Иосифа, как и следовало ожидать, нашли в мастерской.
– Да это, никак, ниньо Хосе! – воскликнул он, увидав молодого натурщика. – И этого испорченного мальчишку вы прочите на роль Христа? Неважный выбор. Помяните мое слово, рано или поздно этого красавчика повесят.
– Христа тоже повесили, – заметил Диего, – крест в те времена заменял виселицу. Что касается удачного выбора, то в предместьях Мадрида трудно найти юного праведника. А сейчас, пока ниньо Хосе еще не висит, надо научить его стоять у верстака.
– Это он умеет. Правильная стойка – первое, чему учат.
– Рубанки ломать тоже учат?
Иосиф подошел к насупленному Хосе, не больно, но обидно ухватил его за ухо.

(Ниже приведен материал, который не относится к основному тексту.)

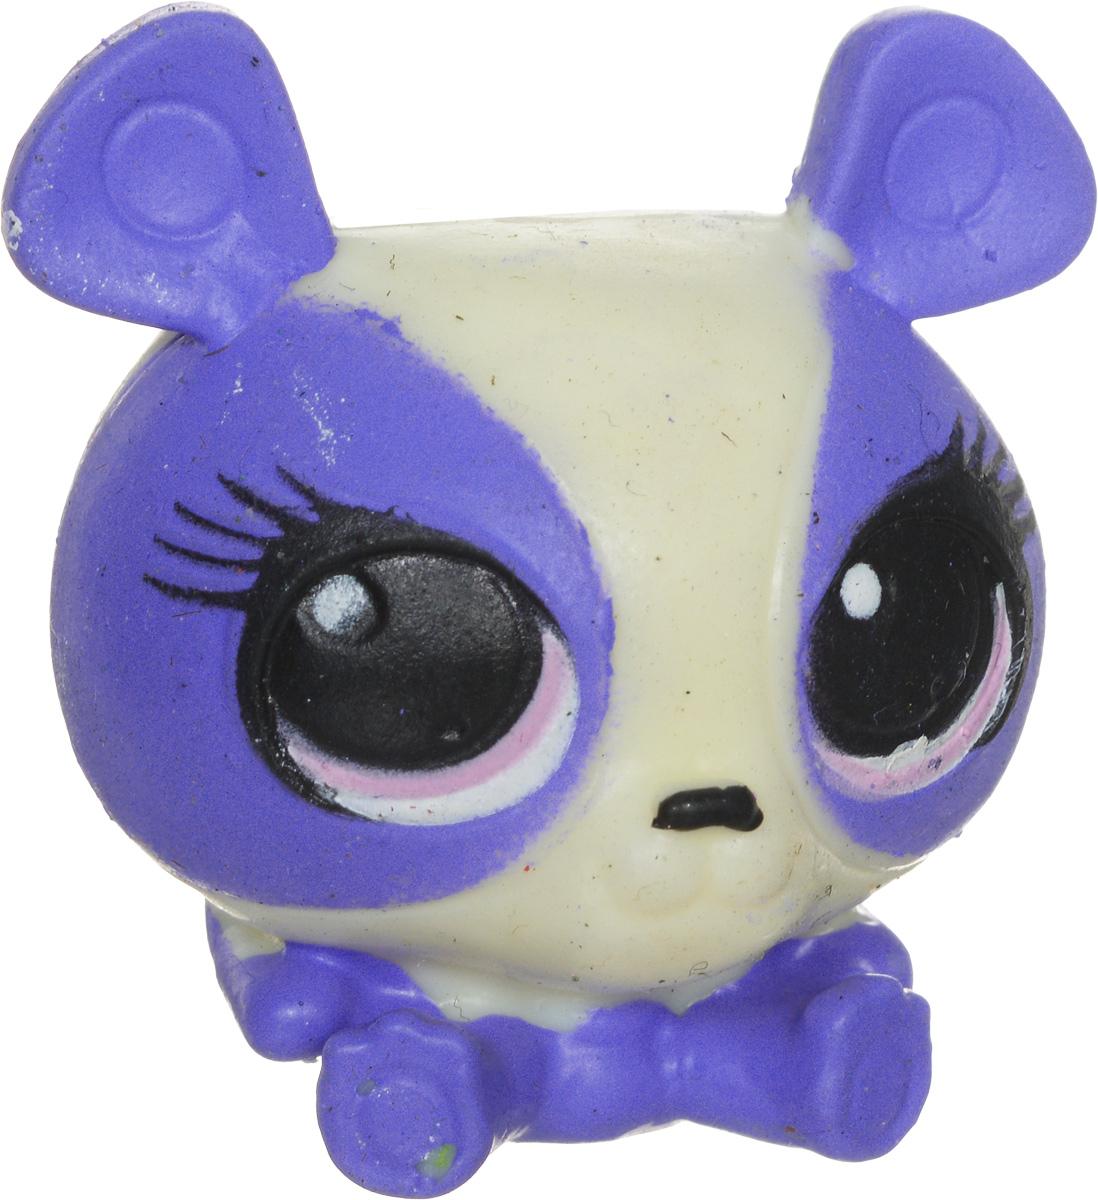 Littlest Pet Shop Фигурка-мялка цвет фиолетовый белый littlest pet shop мягкая игрушка bullena
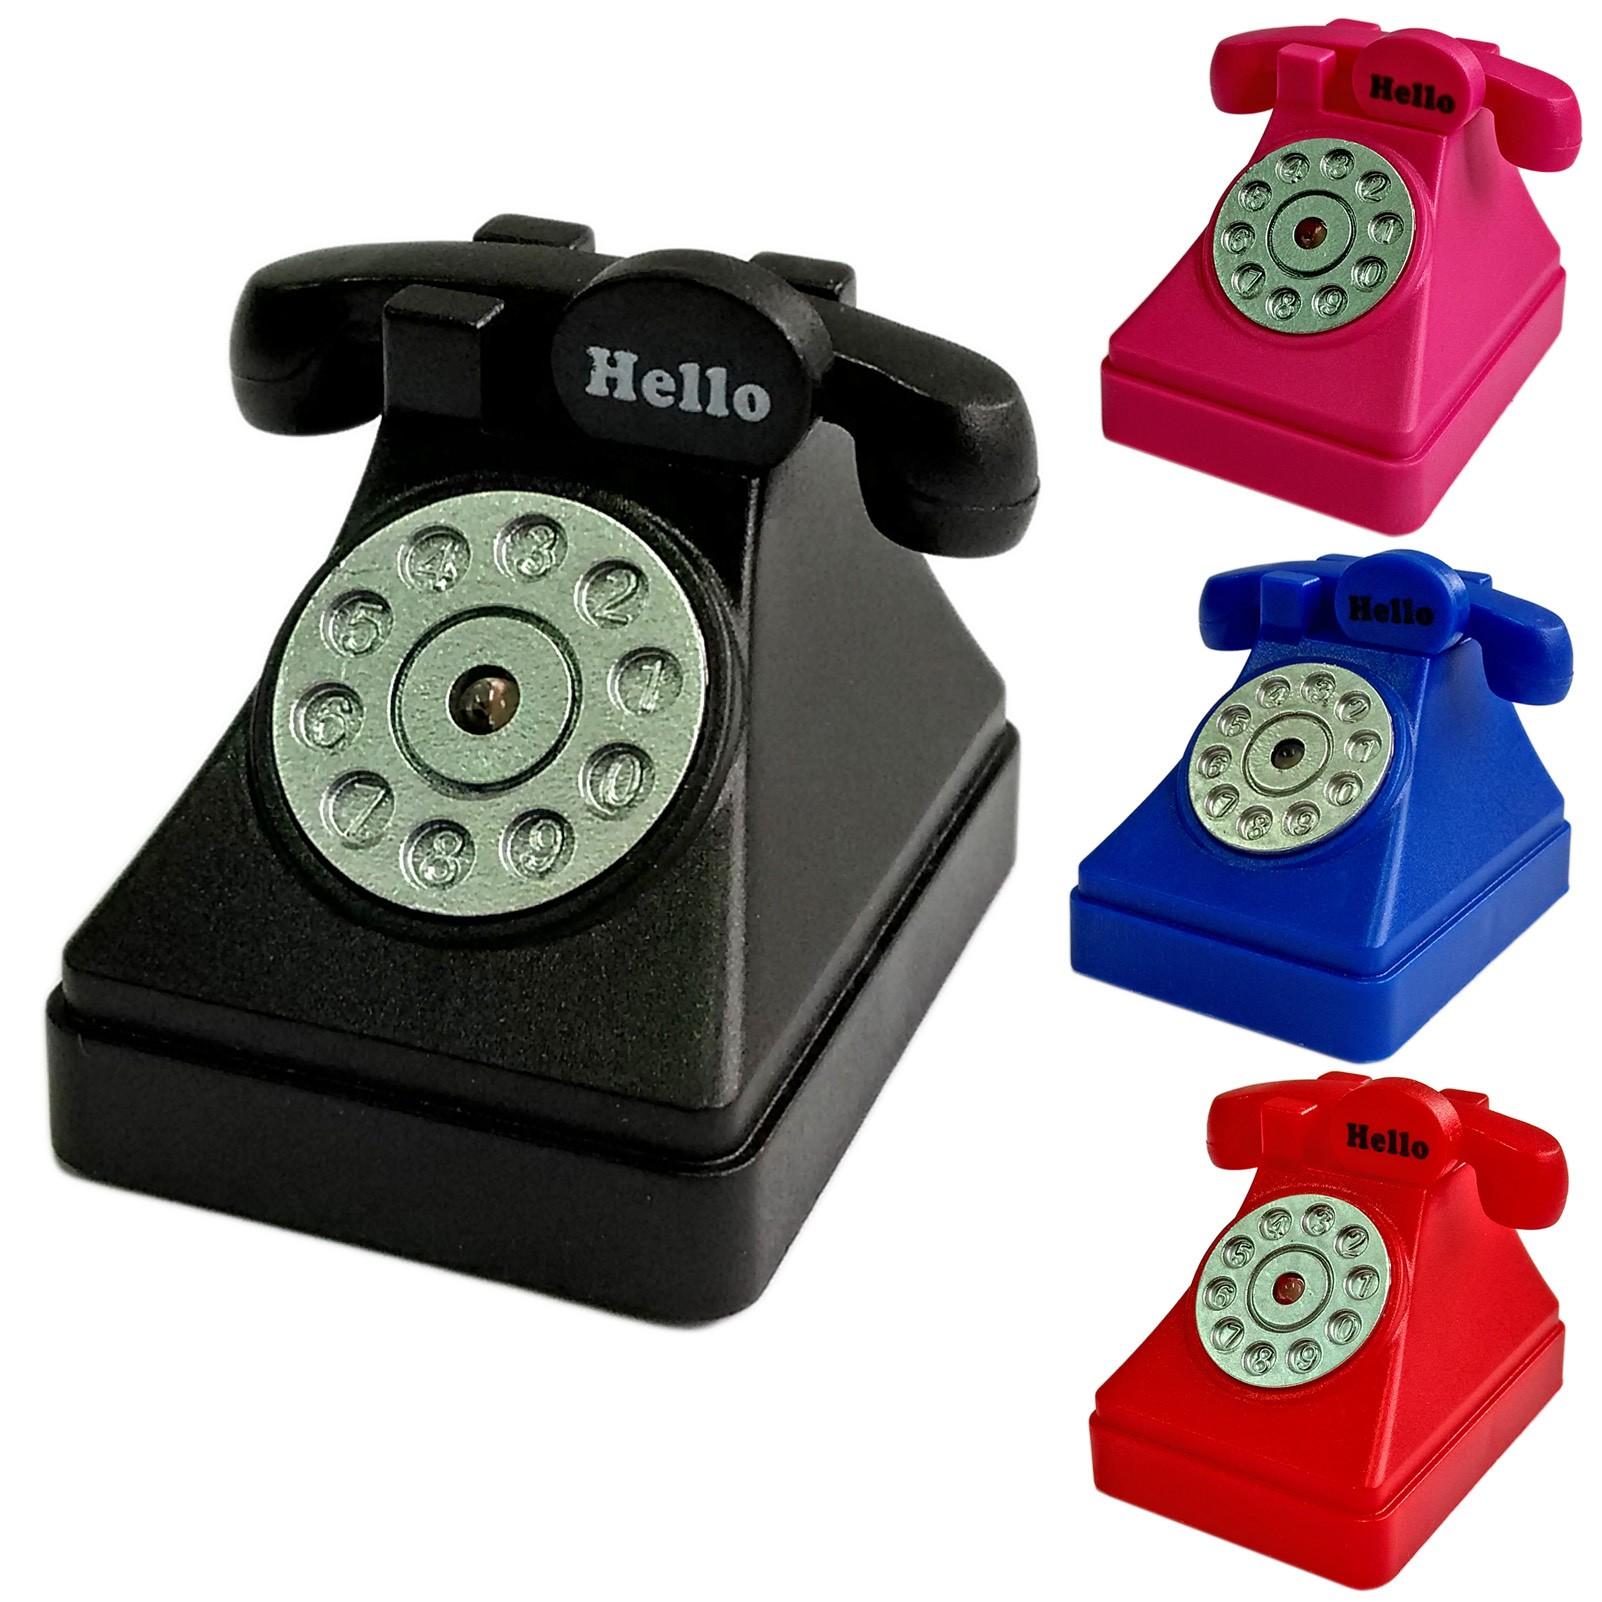 Rotary Telephone 16 for Barbie Monster High Dolls House

– Ты что же меня позоришь, мальчик? Ну-ка, быстро, вон ту балку на верстак и покажи маэстро, как следует выглаживать дерево.
– Это стропилина, что ли? Чего ее выглаживать, и так сойдет. Сколько стропил видал, все обтесанные, ни одна не выстругана.
– Не знаю, где и какими стропилами ты любовался, а у меня все должно быть сделано на совесть. К тому же, это вовсе не стропилина, так что – работай.
Кажется, Хосе еще пререкался со стариком, но это было неважно. Не переставая бурчать, парень встал у верстака, и первая желтая стружка упала на пол. Тут уже было не капризное кривляние испорченного мальчишки, а работа. Лицо Хосе раскраснелось, на лбу выступила испарина. Диего поспешно рисовал, ловя изгиб напряженного тела, перенося на картон – пока на картон! – кудряшки золотистых стружек и завитки волос. Иосиф довольно кивал, не вмешиваясь, лишь дважды помог повернуть балку не выстроганной еще стороной. Когда он успел починить сломанный рубанок, вырезав и поставив новую рукоятку, Диего не заметил. Он рисовал, зная, что картина будет, хотя холст еще не натянут на подрамник.
Картины не получалось.
Уже давно на холсте изображена была мастерская, и сам Иосиф с затаенной улыбкой глядел из полутьмы на божественного сына. Диего мог гордиться фигурой второго плана: старик не отрывался от работы, он продолжал затесывать что-то широким плотницким топором, лишь один мимолетный взгляд бросил он на подросшего сына, помощника; взгляд, исполненный гордости и любви.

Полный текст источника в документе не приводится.